(Beginning of Data segment)

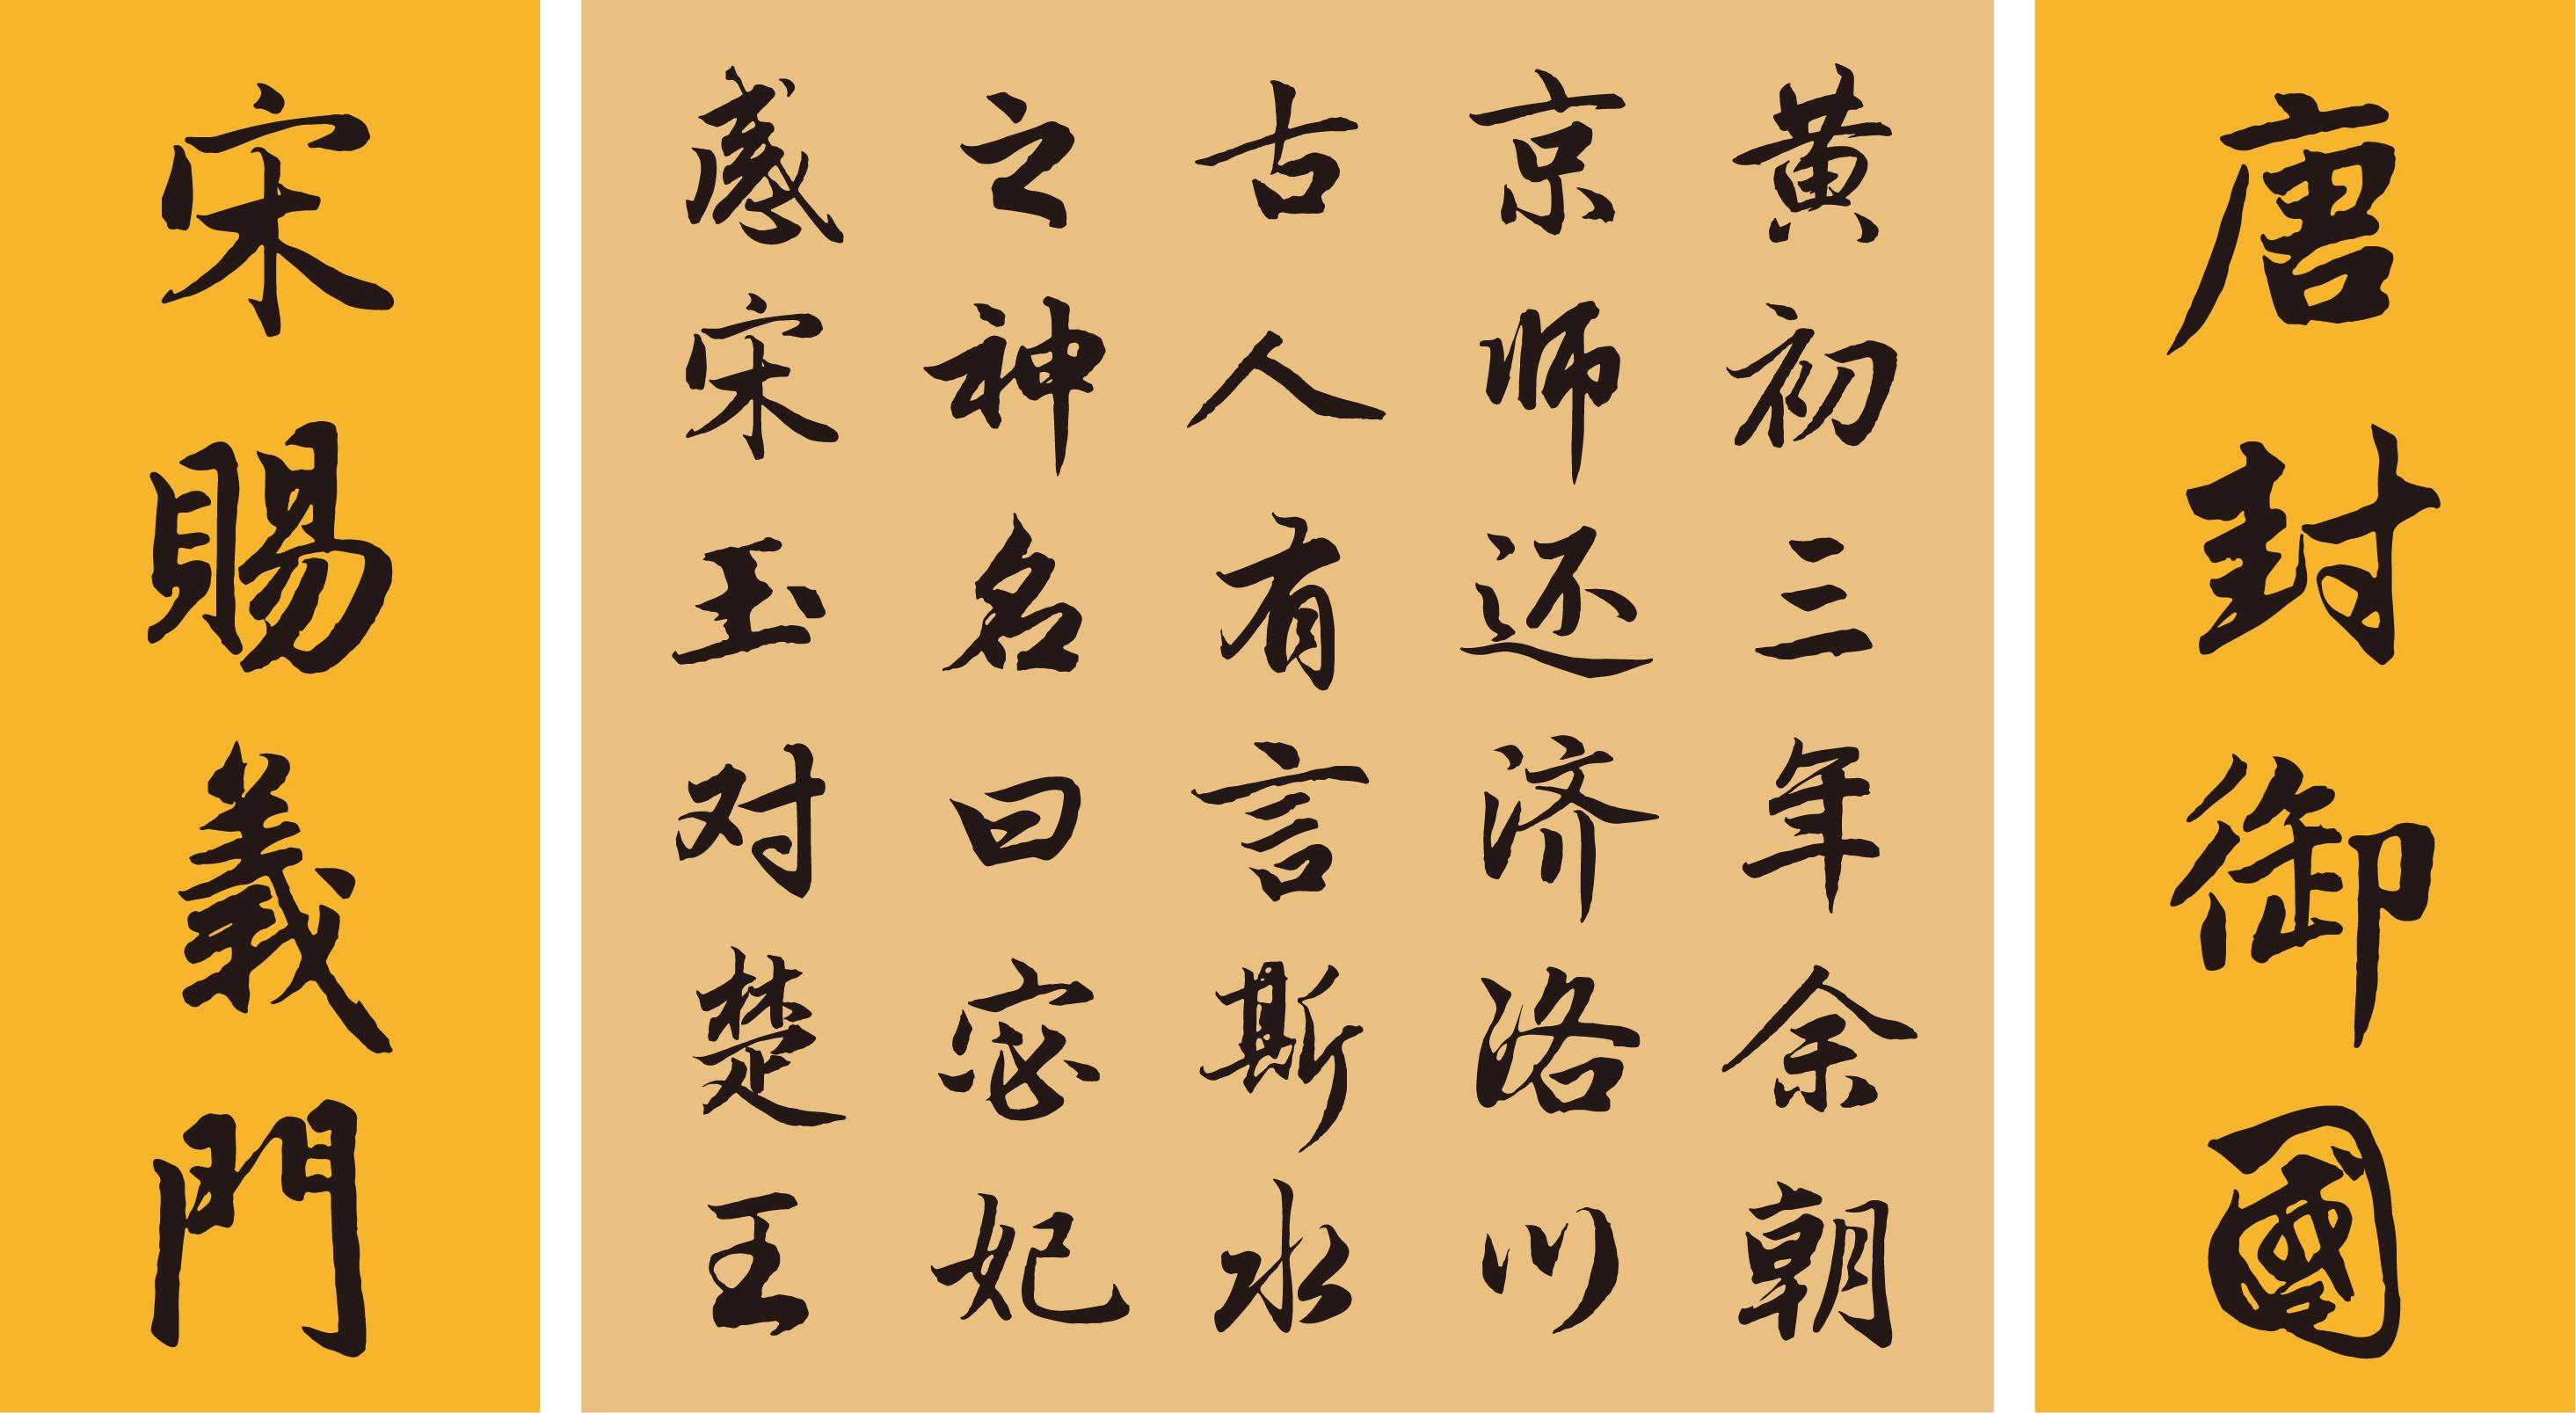 https://ft-bk1.oss-cn-zhangjiakou.aliyuncs.com/Public/Uploads/img/n_content_20201210174811_4034.png
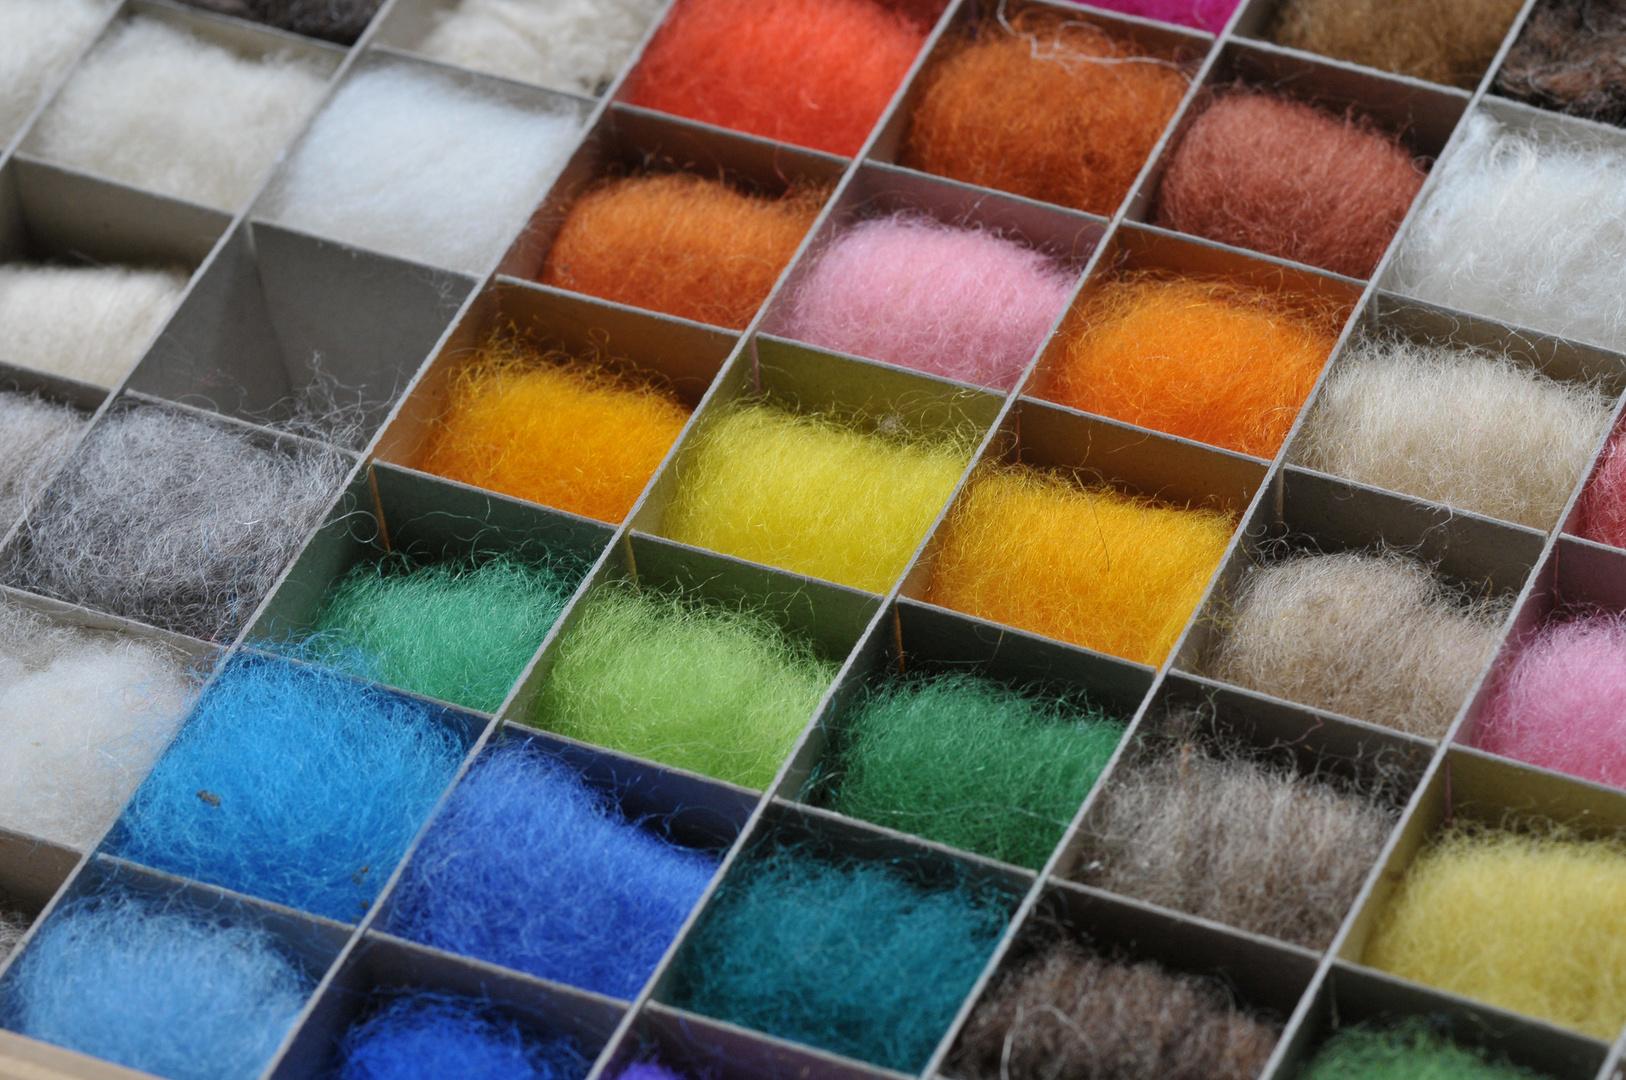 Viele Bunte Farben
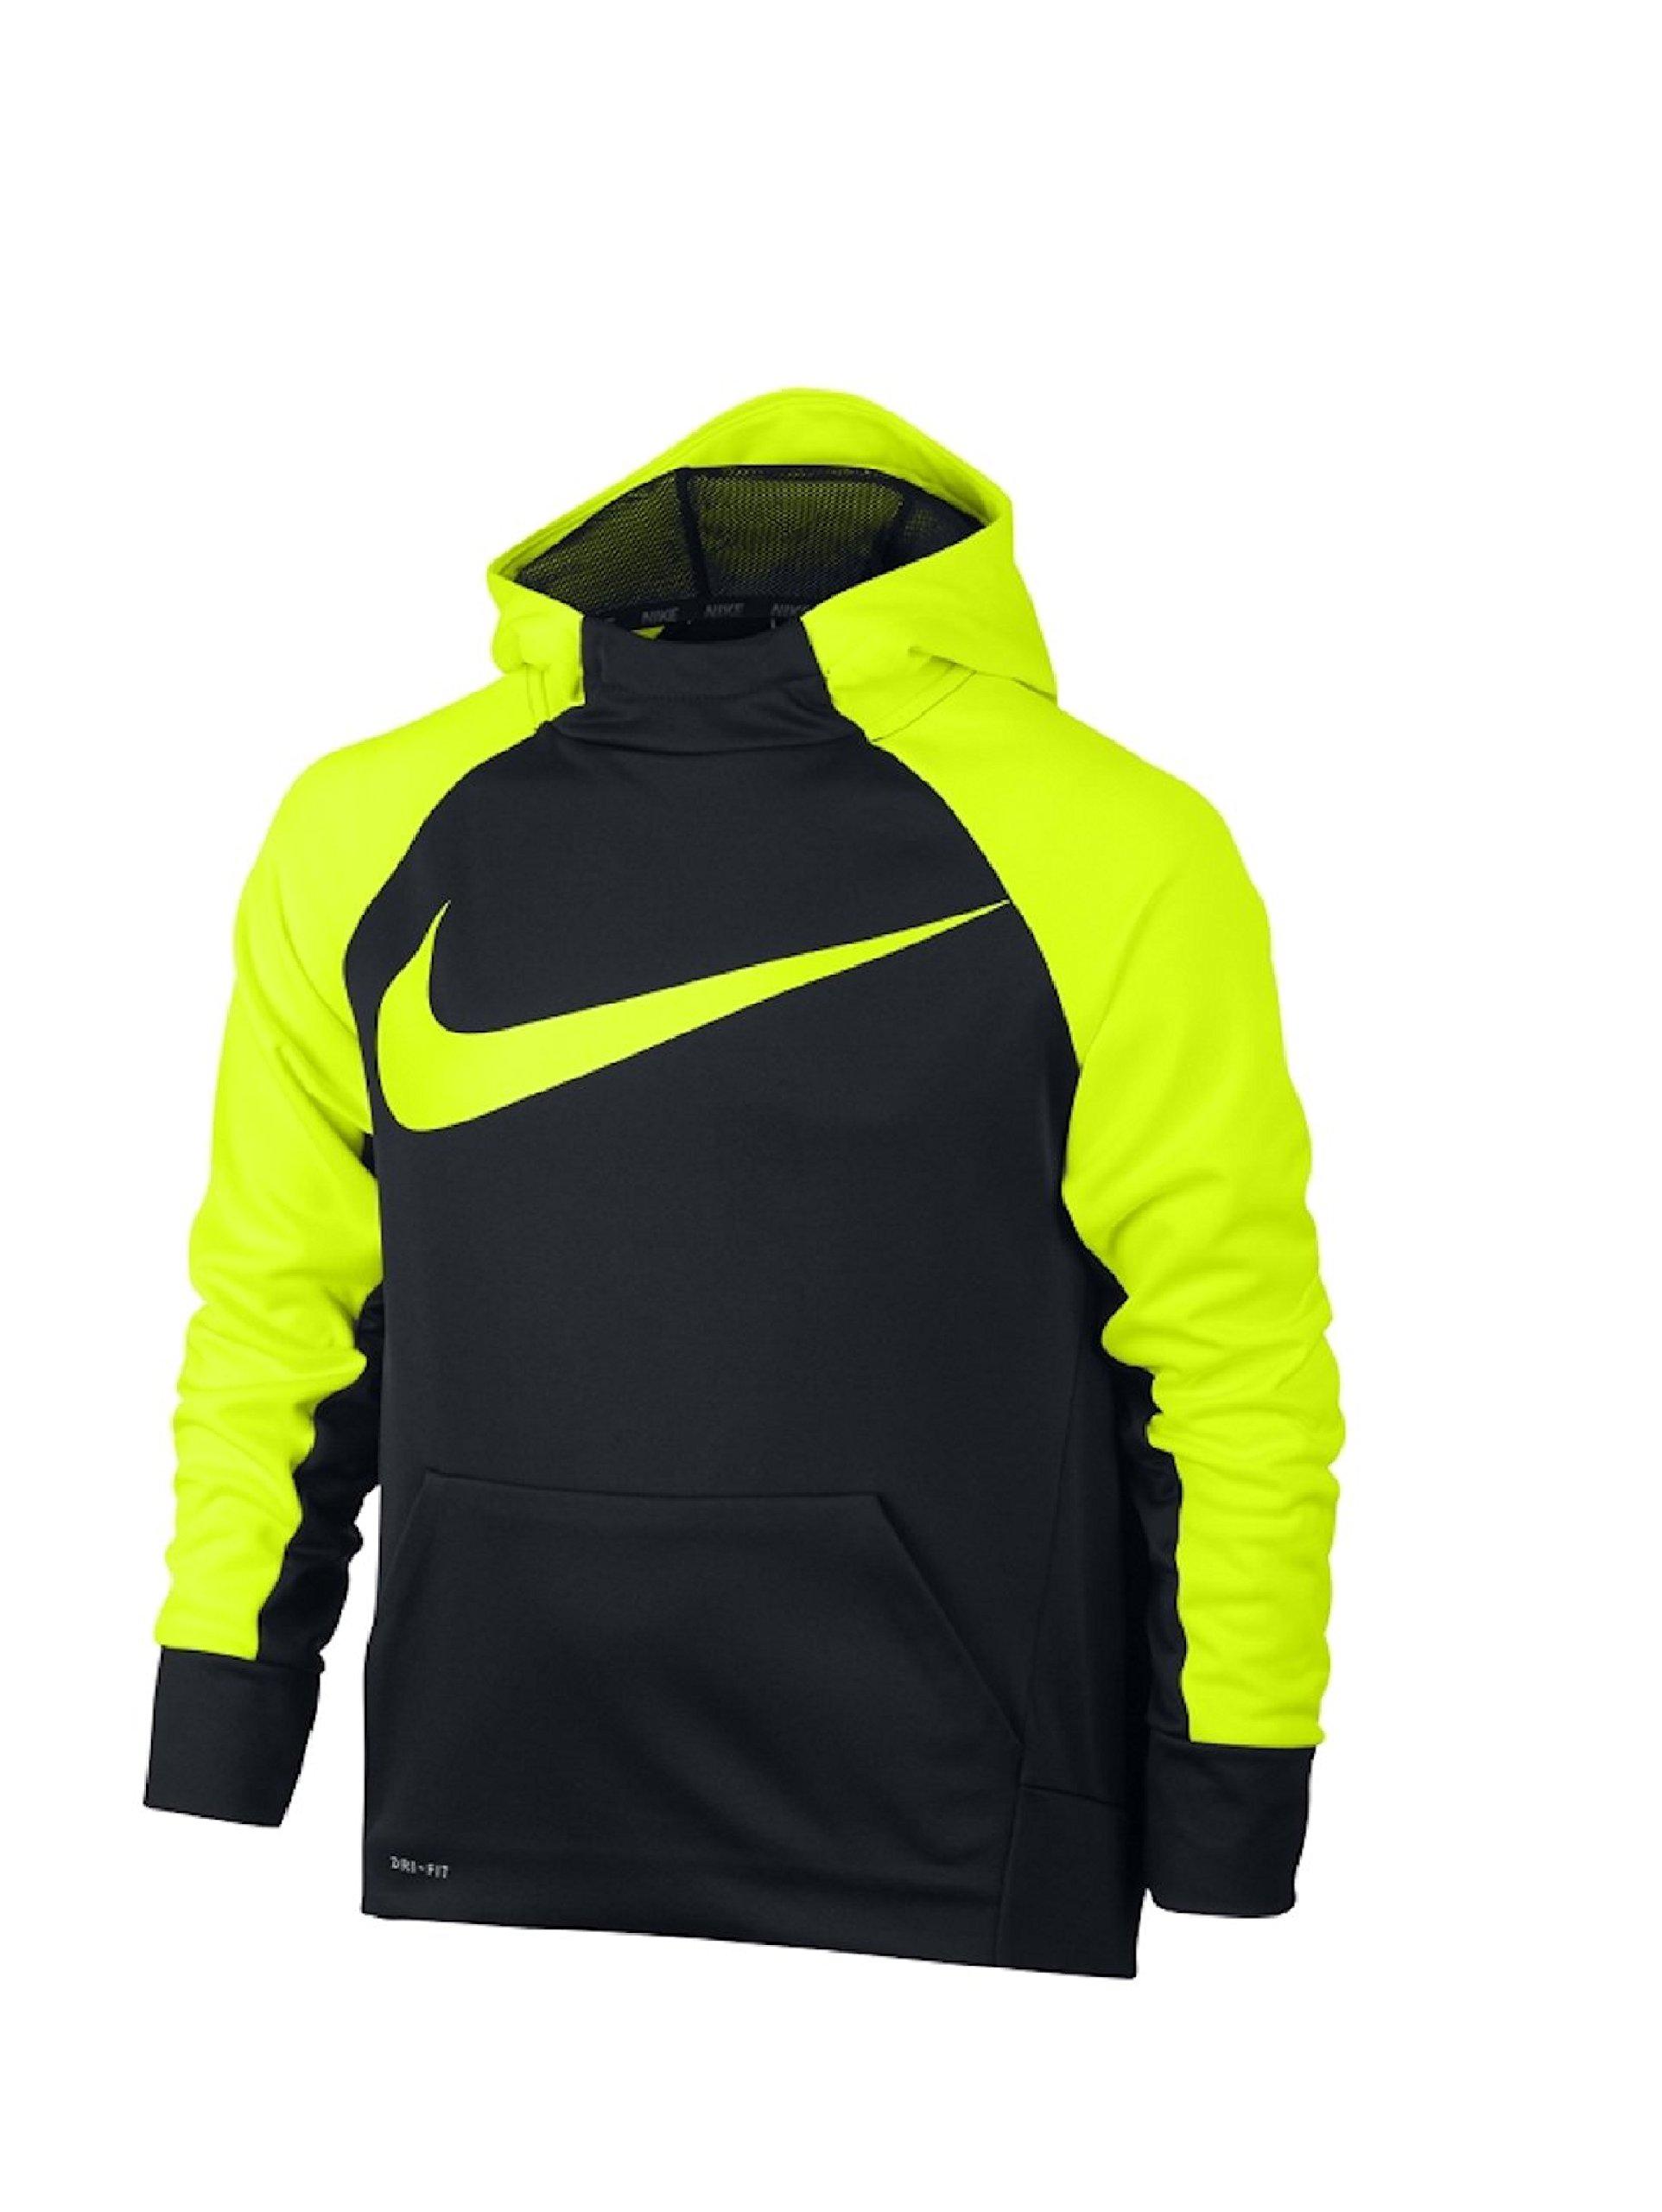 Nike Boy's Therma Training Hoodie Black/Volt Size Medium

(End of Data segment)

Problem details |
Reproduce the material above exactly but drop all images.

Answer for this exercise |
 https://ft-bk1.oss-cn-zhangjiakou.aliyuncs.com/Public/Uploads/img/n_content_20201210174811_4034.png
 Viele Bunte Farben
 Nike Boy's Therma Training Hoodie Black/Volt Size Medium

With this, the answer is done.